- Directed by: Richard Boleslawski
- Written by: Harvey Gates Malcolm Stuart Boylan Leonard Praskins Wanda Tuchock Otis Garrett
- Produced by: Phil Goldstone
- Starring: Wallace Beery Jackie Cooper Spanky McFarland
- Cinematography: James Wong Howe
- Edited by: Frank Sullivan
- Music by: William Axt
- Production company: Metro-Goldwyn-Mayer
- Distributed by: Loew's, Inc.
- Release date: 1935;
- Running time: 87 mins
- Country: United States
- Language: English

= O'Shaughnessy's Boy =

1935 film by Richard Boleslawski

O'Shaughnessy's Boy is a 1935 film starring Wallace Beery and Jackie Cooper and directed by Richard Boleslawski. The picture was partly set in a circus. The cinematographer was James Wong Howe.

== Plot summary ==
Captain Michael "Windy" O'Shaughnessy is an animal trainer with the Hastings Bros. Circus. He loves his young son, Stubby, but Windy's disapproving sister-in-law, Martha Shields, persuades his wife, Cora, to leave him and take the boy. When Windy discovers that they have disappeared with his money, he begins searching for Stubby. To pay a private investigator, he attempts a dangerous fire trick with a tiger, but the distracted Windy is attacked and loses an arm.

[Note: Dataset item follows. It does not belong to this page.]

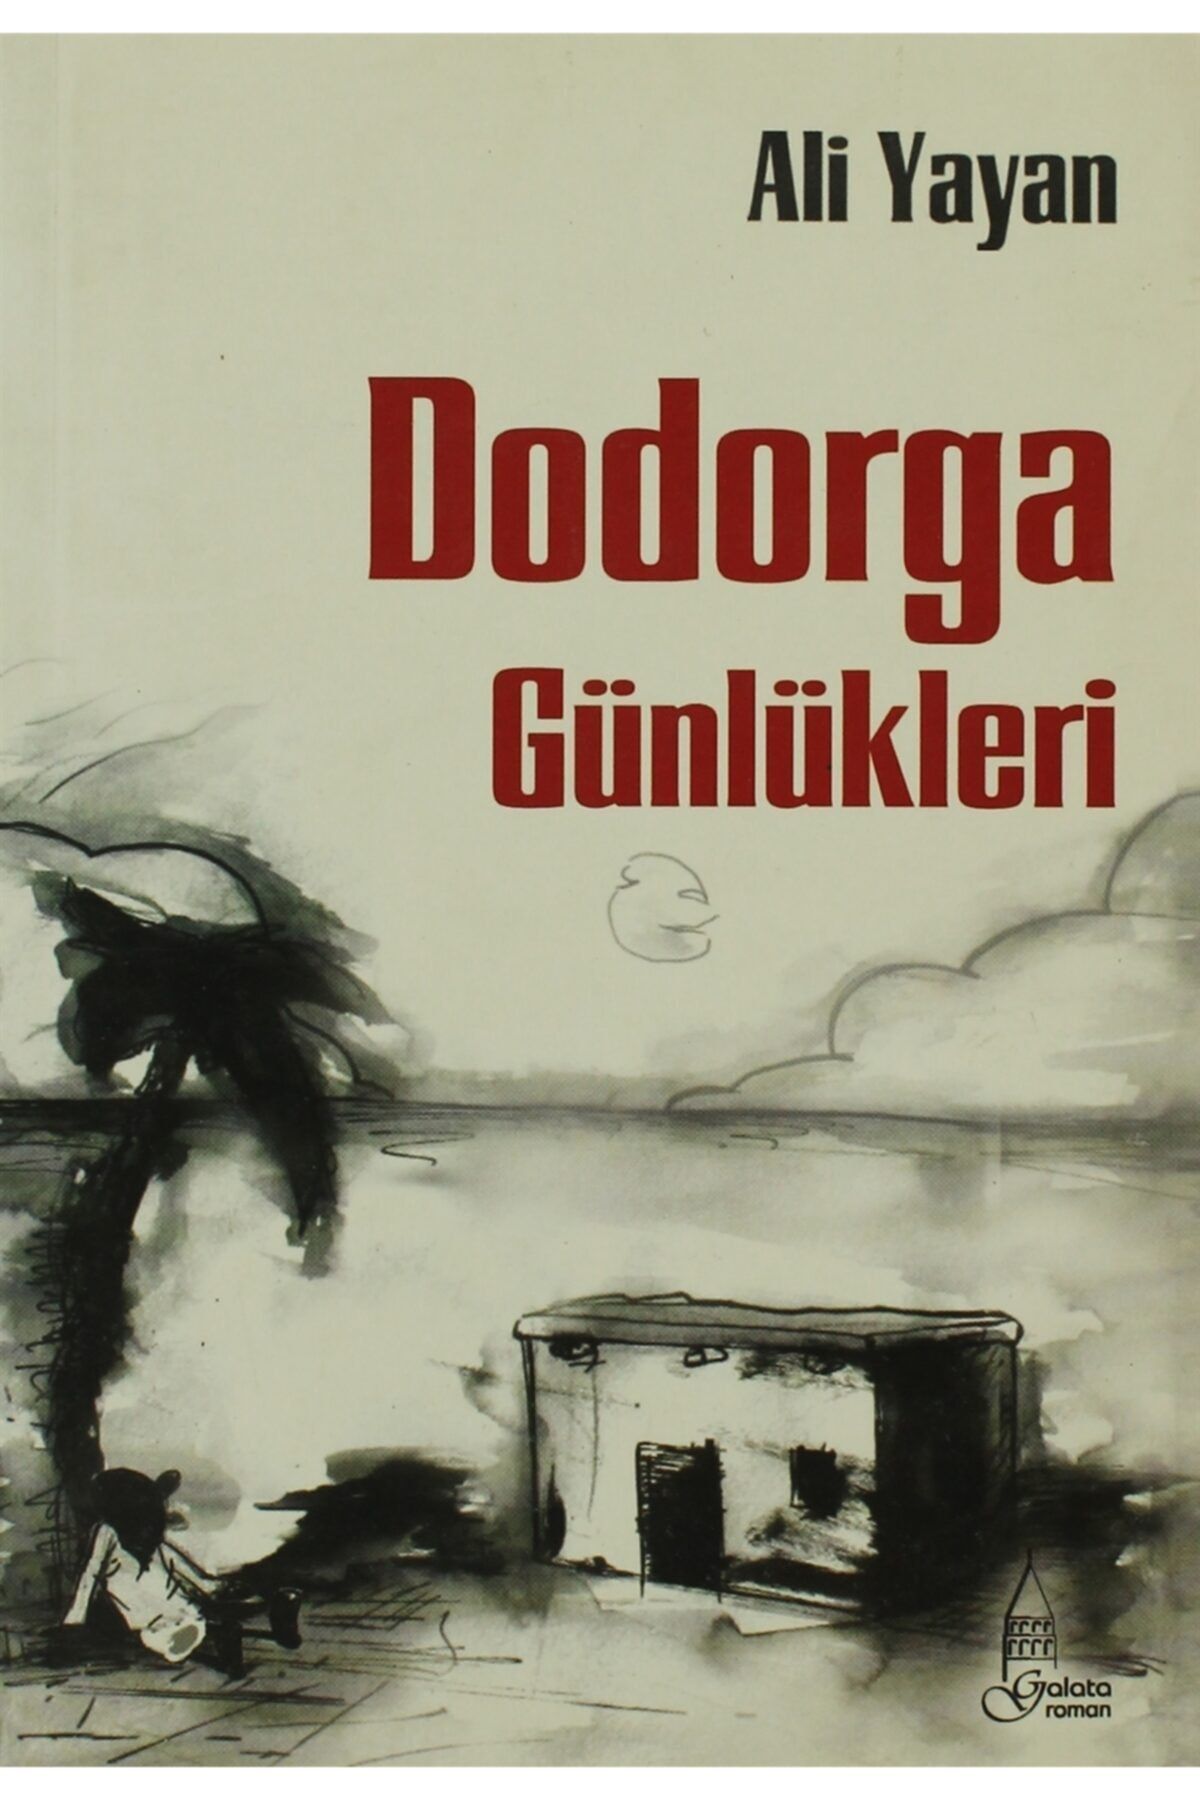 Galata Yayıncılık Dodorga - Ali Yayan -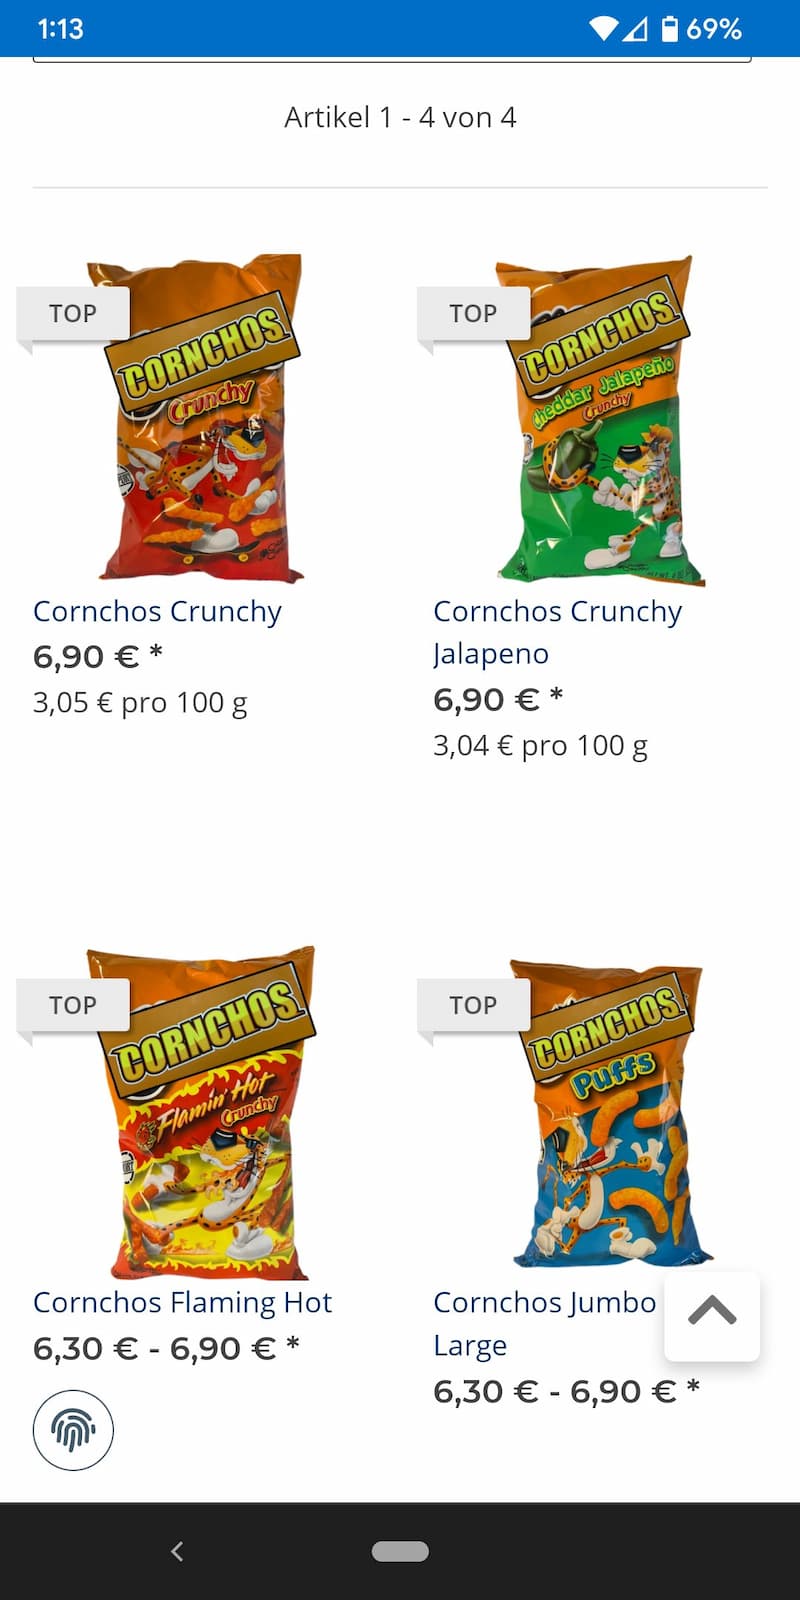 Cheetos son ilegales en Alemania

Years later, circus owner Dan Hastings finds Windy and tells him that Cora has died in a trapeze accident and Stubby is living at a school. Windy is permitted to take the older Stubby for a three-month visit, but the boy initially despises him because Martha has blamed Windy for Cora's death. After Windy explains what happened, father and son gradually become close.

Martha seeks custody of Stubby, arguing that Windy cannot provide him with a stable home. Windy therefore returns to the circus and persuades Hastings to let him resume his tiger act. As Windy prepares to perform, Martha arrives to take Stubby away. Stubby escapes from her and rushes to the circus ring, where his presence gives Windy the confidence to complete the dangerous act successfully. Afterward, Stubby declares that he wants to remain with his father.

==Cast==
- Wallace Beery as Windy O'Shaughnessy
- Jackie Cooper as Stubby O'Shaughnessy
- George "Spanky" McFarland as Stubby O'Shaughnessy (child)
- Henry Stephenson as Major Bigelow
- Sara Haden as Aunt Martha Shields (billed as Sarah Haden)
- Leona Maricle as Cora O'Shaughnessy
- Willard Robinson as Dan Hastings
- Clarence Muse as Jeff

==Critical reception==
Andre Sennwald of The New York Times described the film as a "tear festival" and wrote, "Richard Boleslawsky catches the gaudy flavor of the tinsel and sawdust in accepted romantic style. A tortuous tale, it winds funereally through a whole decade in the life of Mr. O'Shaughnessy, and the photoplay makes the mistake of prolonging the grief past the saturation point." He commented favourably on some of the supporting performers, and commented, "Spanky McFarland ... has a hint of impishness in his character that adds spice to his usual portrait of round-eyed innocence. There is a sunny performance by Clarence Muse and a sinister one by Sarah Haden, the evil genius of the picture."

Variety wrote, "An excellent production and exceptionally good directlon results in a picture that will be accepted by those who know their circus. It is accurate and convincing. Indeed, the only major fault with this is that all concerned failed to realize that Jackie is getting too old to be a crybaby any longer." They also offered positive comments for the performances, writing that it was one of the best opportunities yet given to Wallace Beery, Jackie Cooper "comes through" in spite of the excessive crying, Sara Haden "takes the real acting honors", Spanky McFarland "is surprisingly good", Clarence Muse's contribution is "far more important than the authors probably intended" and Henry Stephenson "shines."

In their December, 1935 edition, Modern Screen gave the film a three-star review and wrote, "Here is what might be termed a two-man show, for almost all the footage is given over to the histrionics of those two established pals, Wallace Beery and Jackie Cooper. You know them, man and boy, from The Champ, and you wept quite a bit over them. Let the weeping now begin anew, for they’re back together again in another of those father-son epics which promises to be even more lachrymose than their former effort."